The headlight on this particular bike, which I rarely use for anything other than the grocery ride, serves only to alert the other users of the road. It doesn't in any usable manner illuminate the road, so I am riding through the natural darkness of our street until I cross the boulevard, where there is a vault of yellow light. A car goes by, trailing a streamer of harsh sound, and then I cross, and return to the dark and the quiet. Between boulevard and store lies the grid of a residential neighborhood, which I must zigzag through diagonally. There are almost no street lights here, only the vigilant glow of porch lamps and an occasional sash window shining from the warmth within. Nevertheless, I'm not alone. Jingling sounds follow along the sidewalk, and I pass a double shadow: someone jogging with their dog. I turn a corner and roll lazily downhill. Warmer and cooler air alternately caress my cheeks, the changes in temperature coming from I don't know where. I turn again and again, following the offsets of the old street grid. Soon I hear more jingling: another dog, this time with the silhouette of a young woman walking beside it. Catercorner from the dog walker, an older couple stands conversing under a yellow lamp. Their heads turn as I pass on the bike. They see the woman with the dog and wave. At the next corner, the shadow of a cat hurries across.
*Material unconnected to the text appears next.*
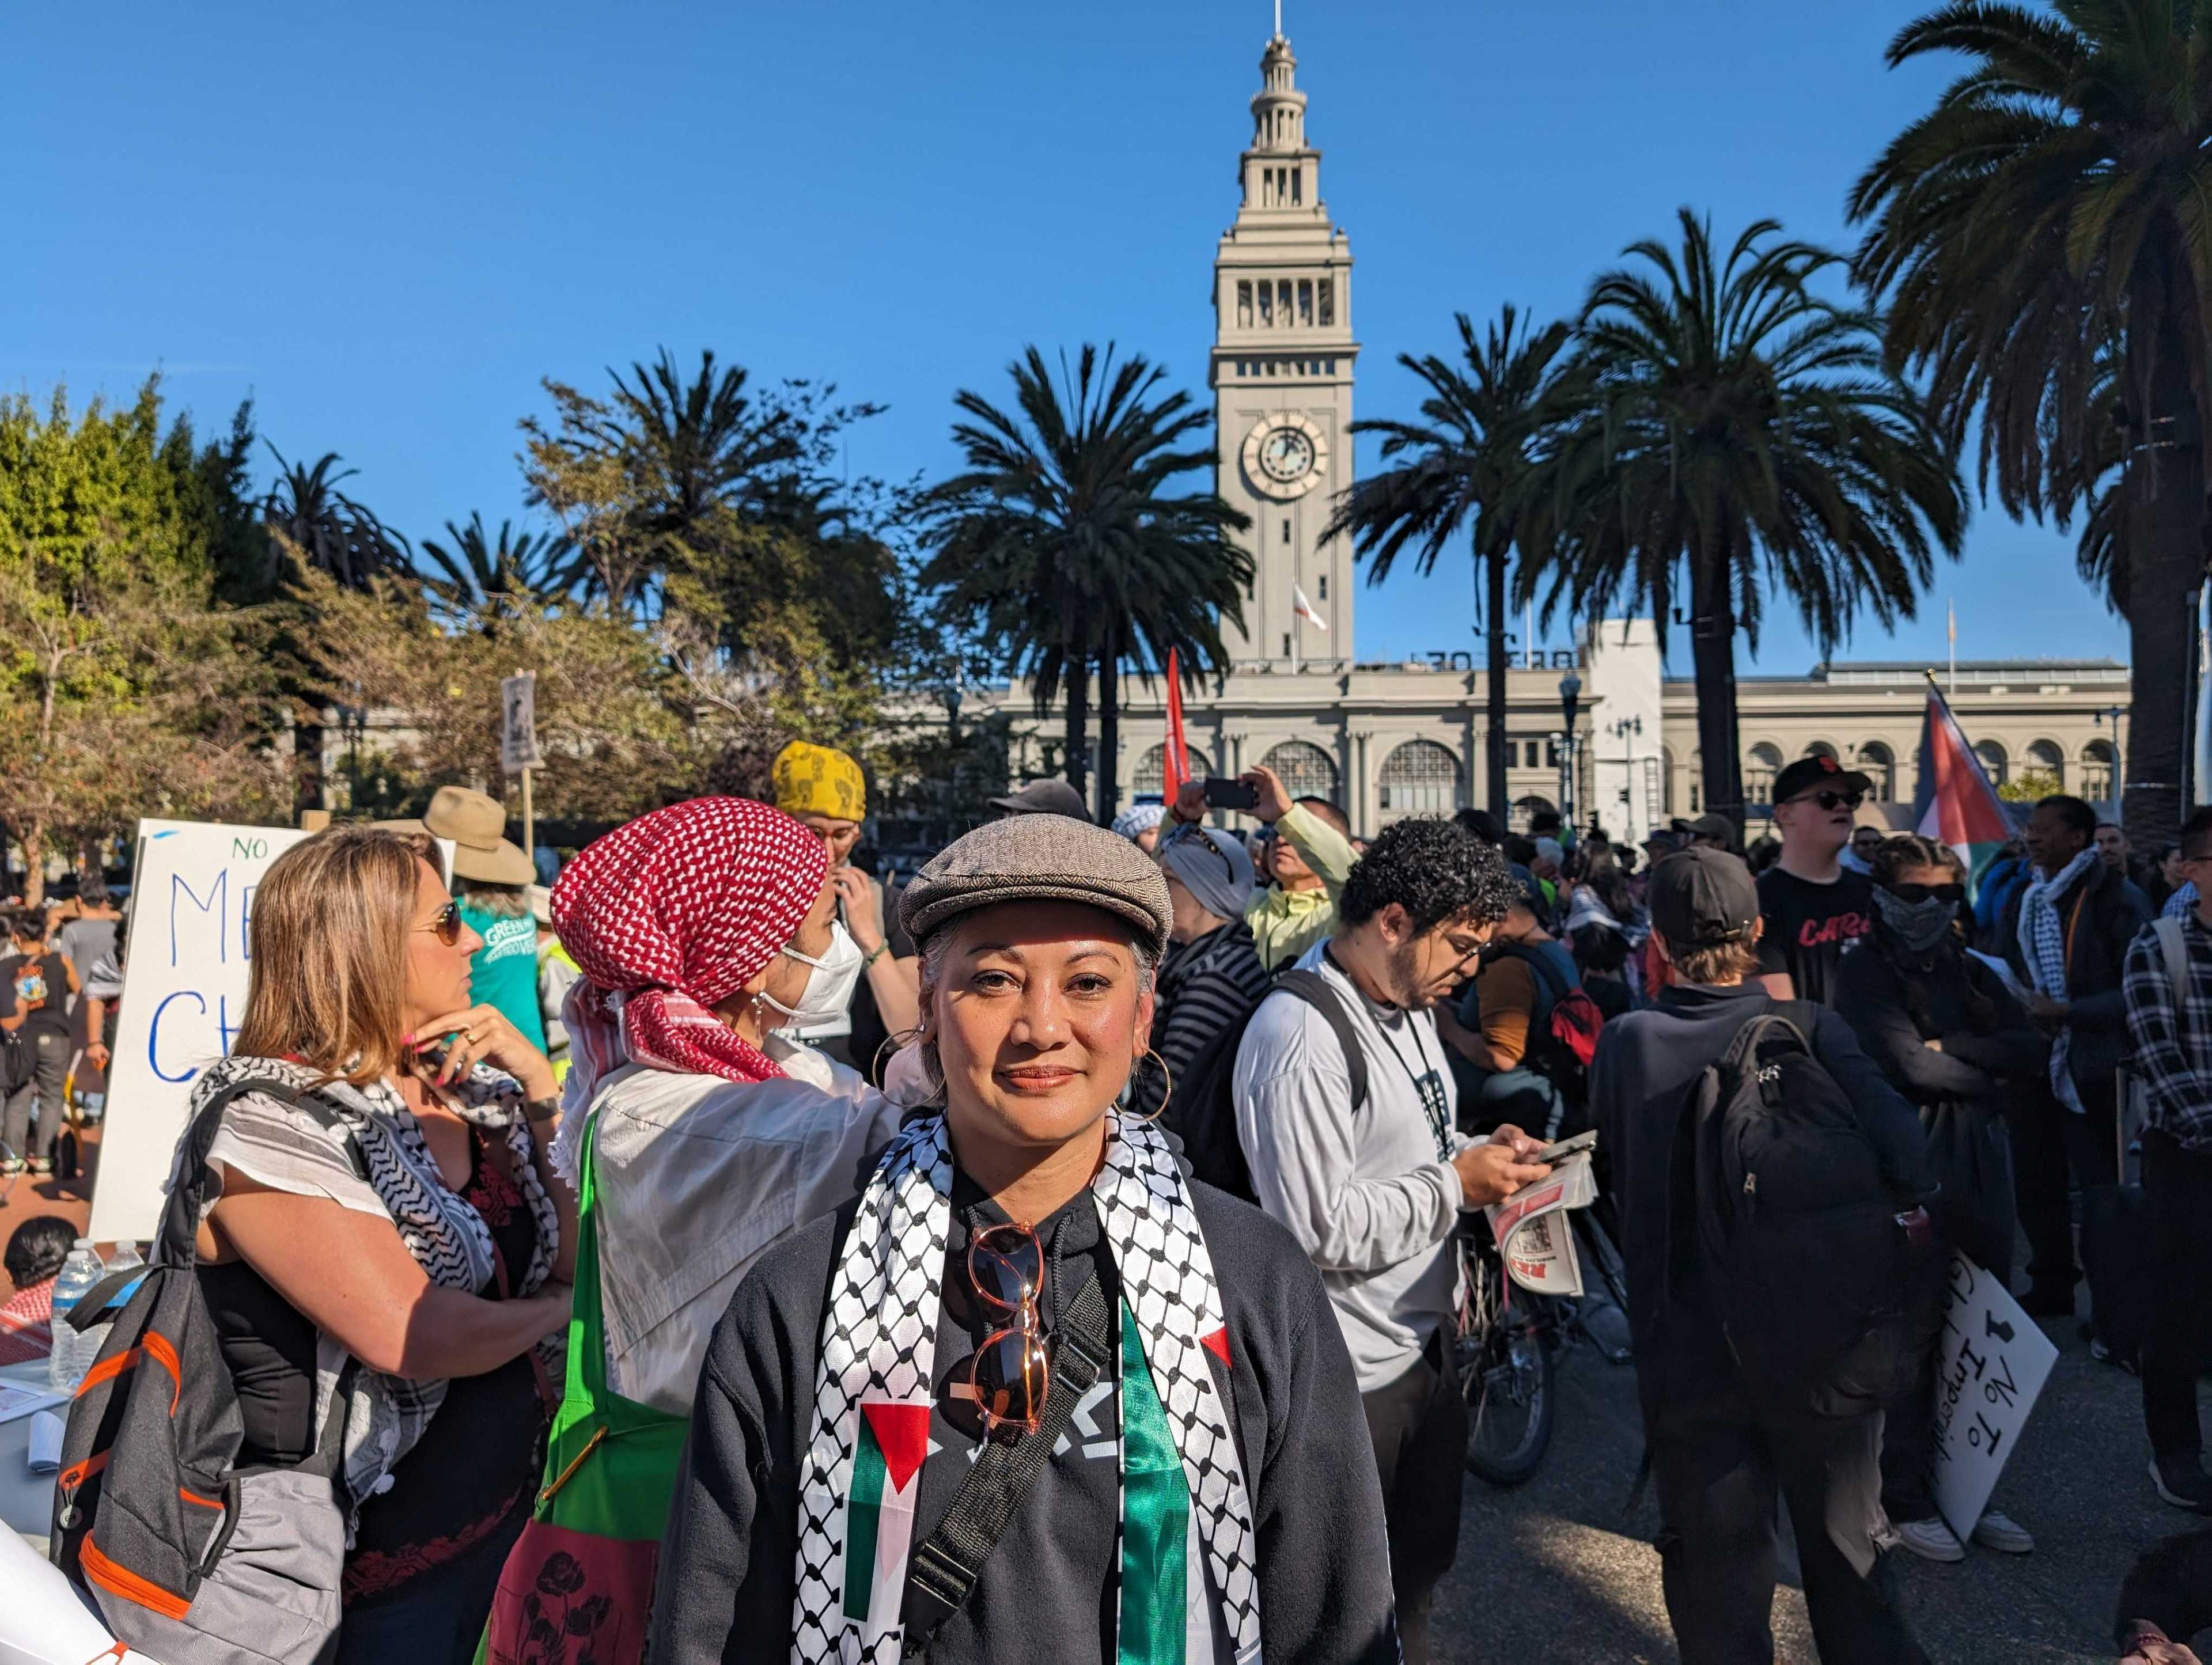 A woman in a hat and scarf smiles alongside protesters outside under blue skies and palm trees.

I pass the street where I grew up. No one I know lives there anymore, except my mother, who will be asleep, and Mr. Thomas, who will be ninety this year. I ride on by and turn again, passing the old parish church, passing the triangular street island with the restaurant and the Radio Shack on it--both shuttered behind iron grills--and come to the big intersection with the market on the opposite corner. Two cars wait for the light, another moves silently in the distance. The light changes, and I pedal into the parking lot, where I lock the bike to the rack and throw the bag of plastic bags into the recycling bin. When I turn back to go to the entrance of the store, I see what has been happening behind my back: the dawn has come, the eastern horizon shines a bright transparent lavender behind the silhouettes of roofs and trees, and a long streamer of cloud glows red above it. The stars are dimming above the yellow vapor lamps of the parking lot, and day has begun.